A partir da análise atenta da iconografia brasileira, a escritora, historiadora e antropóloga Lilia Schwarcz demonstra como a ideia da superioridade branca se manifesta simbolicamente na arte desde o período colonial.
Em seu livro mais recente, “Imagens da branquitude – A presença da ausência”, a autora, importante estudiosa das questões de raça no Brasil, explica a branquitude como “um sistema internalizado de privilégios materiais e simbólicos que se ancora no passado, mas exerce suas prerrogativas no presente".
Nesse sentido, Lilia Schwarcz defende que enquanto pessoas não brancas, como negros e indígenas, estão vinculadas a seus fenótipos e origens, os brancos, ao serem representados socialmente, ocupam espaço de neutralidade e invisibilidade. A branquitude, assim, seria uma “não cor”.

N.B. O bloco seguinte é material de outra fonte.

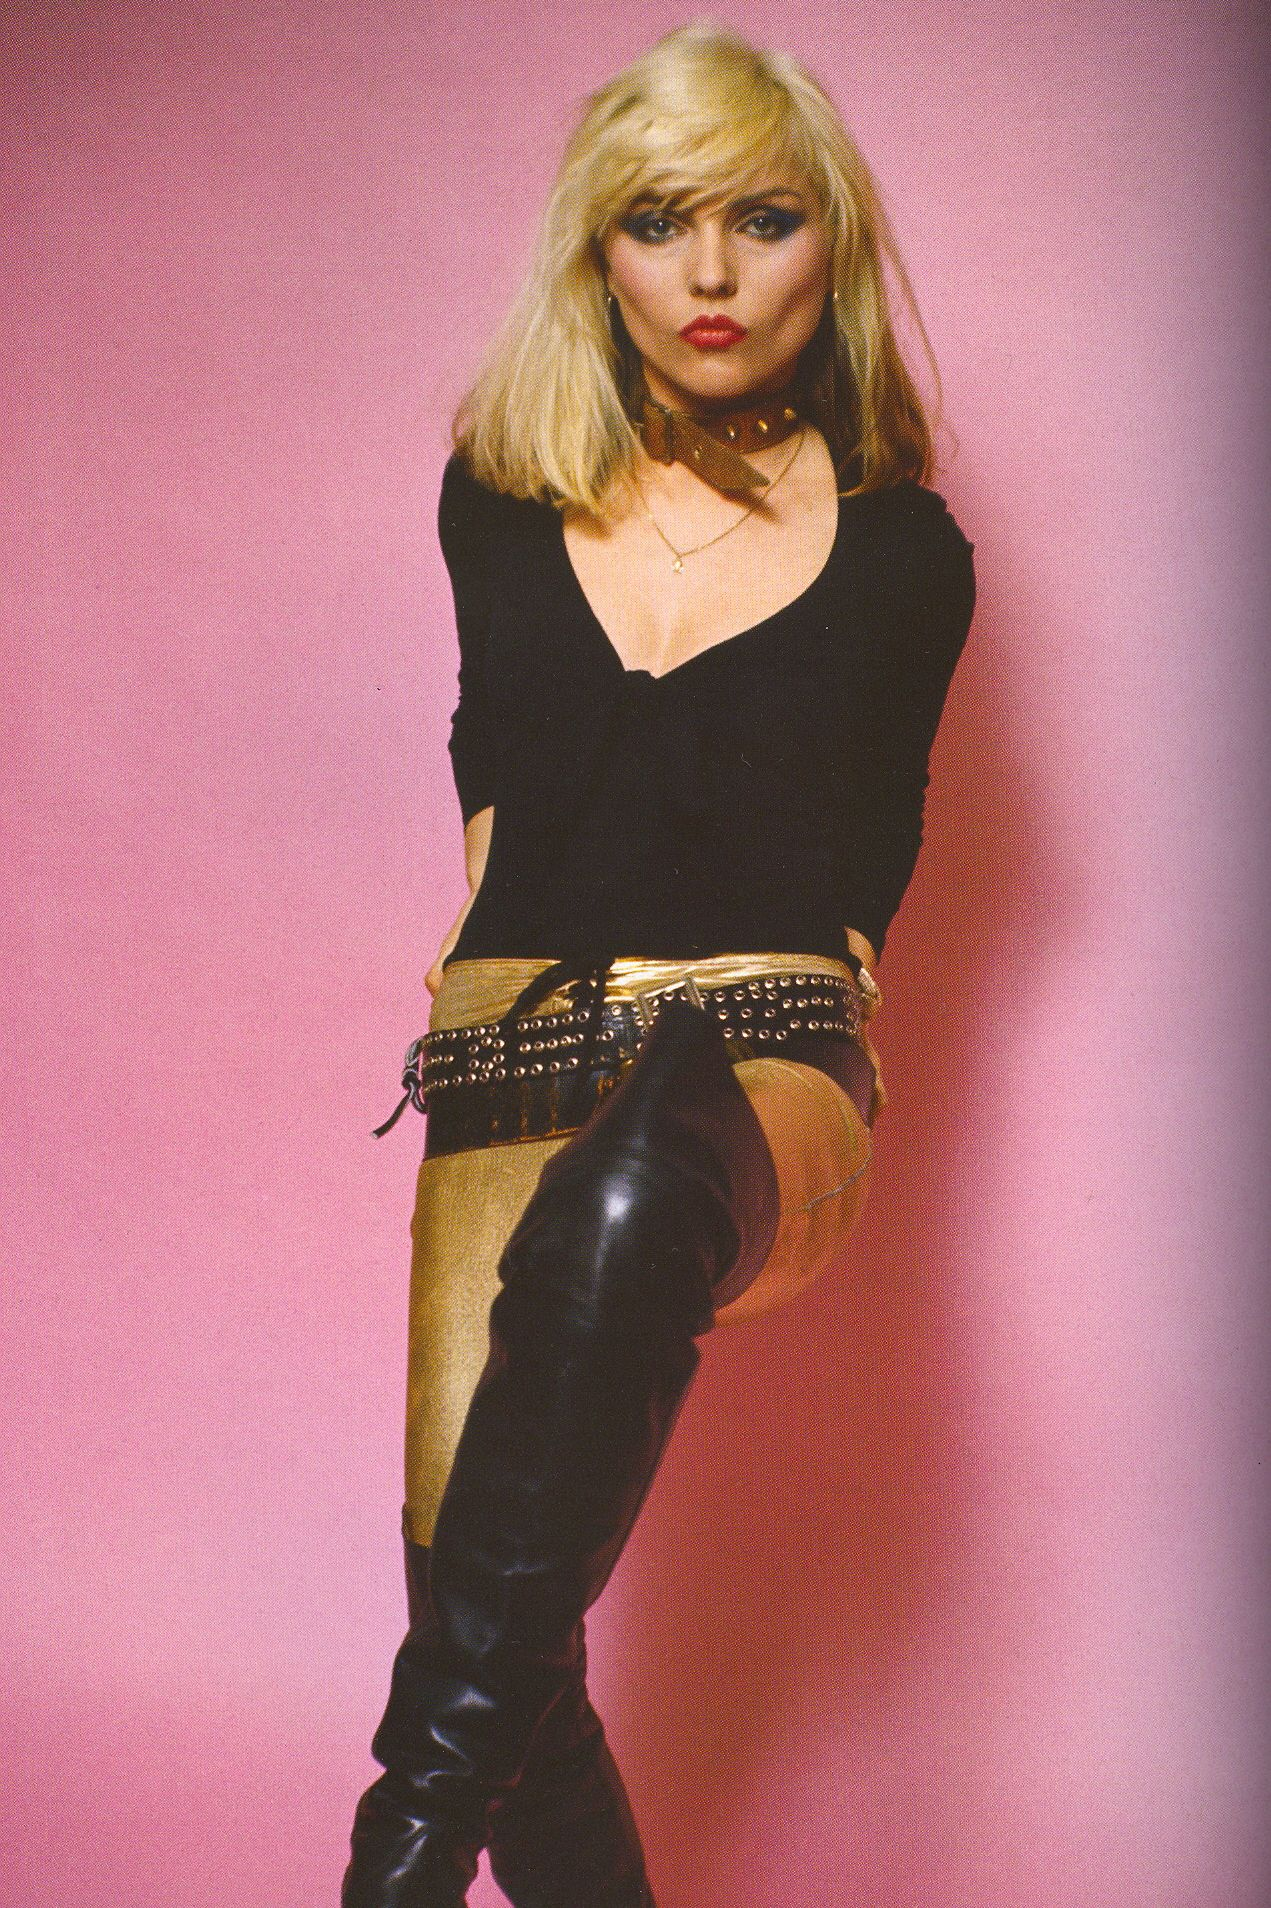 Debbie Harry / Blondie | 70s COSTUME PARTY | Pinterest

“As populações brancas têm presença tão opressiva que não precisam figurar concretamente. A branquitude constrói uma sensação de estar em todo lugar”, afirma Lilia.
“O melhor exemplo são os museus etnográficos. Nestes espaços, são expostas práticas e conhecimentos de todos os povos, como africanos, asiáticos e americanos. As populações brancas, no entanto, sobretudo as populações brancas europeias que produzem ordens e critérios de classificação de outros povos, não figuram nestes locais”, observa a historiadora.
Nesta terça-feira (26/11), Lilia Schwarcz é a convidada da República Jenipapo, evento criado pela Livraria Jenipapo, em Belo Horizonte, em parceria com o Projeto República, da Universidade Federal de Minas Gerais (UFMG). Durante o encontro apresentado pela professora Heloisa Starling, Lilia abordará aspectos importantes de “Imagens da branquitude”, ao lado da historiadora e pesquisadora Nayara Henriques.
Lugar da barbárie
Tornada imortal pela Academia Brasileira de Letras em março deste ano, Lilia aborda a presença opressiva e muitas vezes invisível da branquitude em iconografias diversas, entre elas os mapas.
A antropóloga explica que os mapas coloniais eram frequentemente acompanhados de pequenas ilustrações que correspondiam a vários povos do globo. Nesses materiais, indígenas e estrangeiros eram colocados no lugar da barbárie, enquanto os brancos se apresentavam como exemplo de civilização.
“Essas são formas de construir a naturalização da diferença e da desigualdade, quando não há nada de natural nestes que são gestos políticos”, explica.
A escolha de explorar o tema branquitude por meio de imagens não foi por acaso. Lilia conta que a obra é resultado de um curso referente a iconografias lecionado por ela nas universidades de São Paulo (USP) e Princeton, nos Estados Unidos.
“Percebo como as pessoas são muito afetadas por imagens. Se há originalidade no livro, ela se expressa pela ideia de explorar branquitude a partir de pinturas, aquarelas, fotografias, mapas, folhetos, propagandas e qualquer tipo de produção efêmera impressa”, comenta.
Além de analisar imagens dos períodos colonial, monárquico e republicano, Lilia apresenta registros contemporâneos que evidenciam a presença do racismo estrutural na sociedade brasileira.
“Recentemente, um jornal paulista, ao introduzir o tema de um rapaz que teria entrado em uma escola e assassinado uma série de crianças, colocou a imagem da mão negra segurando o revólver. Ocorre que o atirador era branco, não negro. Dessa forma, percebemos a associação da pele negra à violência. Por meio das imagens, há uma tentativa de naturalizar o que não deve de forma alguma ser naturalizado”, destaca.
REPÚBLICA JENIPAPO
Com Lilia Schwarcz e Nayara Henriques. Apresentação de Heloisa Starling. Nesta terça-feira (26/11), às 19h, na Livraria Jenipapo (Rua Fernandes Tourinho, 241, Savassi, BH). Entrada gratuita.